[Start of Attachment]

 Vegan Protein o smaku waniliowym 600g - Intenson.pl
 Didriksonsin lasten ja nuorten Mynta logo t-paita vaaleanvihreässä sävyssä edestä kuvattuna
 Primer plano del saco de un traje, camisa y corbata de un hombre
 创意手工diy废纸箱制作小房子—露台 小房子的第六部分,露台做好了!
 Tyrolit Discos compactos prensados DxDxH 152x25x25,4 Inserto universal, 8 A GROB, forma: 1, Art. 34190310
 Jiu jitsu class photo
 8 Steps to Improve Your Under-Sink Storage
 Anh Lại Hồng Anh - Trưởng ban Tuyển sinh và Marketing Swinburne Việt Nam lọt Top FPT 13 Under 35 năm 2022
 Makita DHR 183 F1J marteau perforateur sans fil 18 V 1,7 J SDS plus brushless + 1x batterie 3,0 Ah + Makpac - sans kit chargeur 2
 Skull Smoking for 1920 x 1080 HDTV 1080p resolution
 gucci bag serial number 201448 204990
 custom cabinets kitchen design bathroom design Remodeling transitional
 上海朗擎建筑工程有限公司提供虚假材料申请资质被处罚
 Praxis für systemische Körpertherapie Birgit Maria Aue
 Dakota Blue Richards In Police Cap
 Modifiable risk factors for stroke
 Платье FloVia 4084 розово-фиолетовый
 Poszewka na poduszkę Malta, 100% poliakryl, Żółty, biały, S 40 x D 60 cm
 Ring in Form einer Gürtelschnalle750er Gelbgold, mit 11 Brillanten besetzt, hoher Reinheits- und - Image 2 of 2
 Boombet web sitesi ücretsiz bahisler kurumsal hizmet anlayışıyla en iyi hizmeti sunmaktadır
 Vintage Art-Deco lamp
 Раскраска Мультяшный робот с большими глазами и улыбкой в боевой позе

[End of Attachment]

§ Work to complete:
From the records, work out how many lines include "Under" and respond with the number only.

§ Solution:
2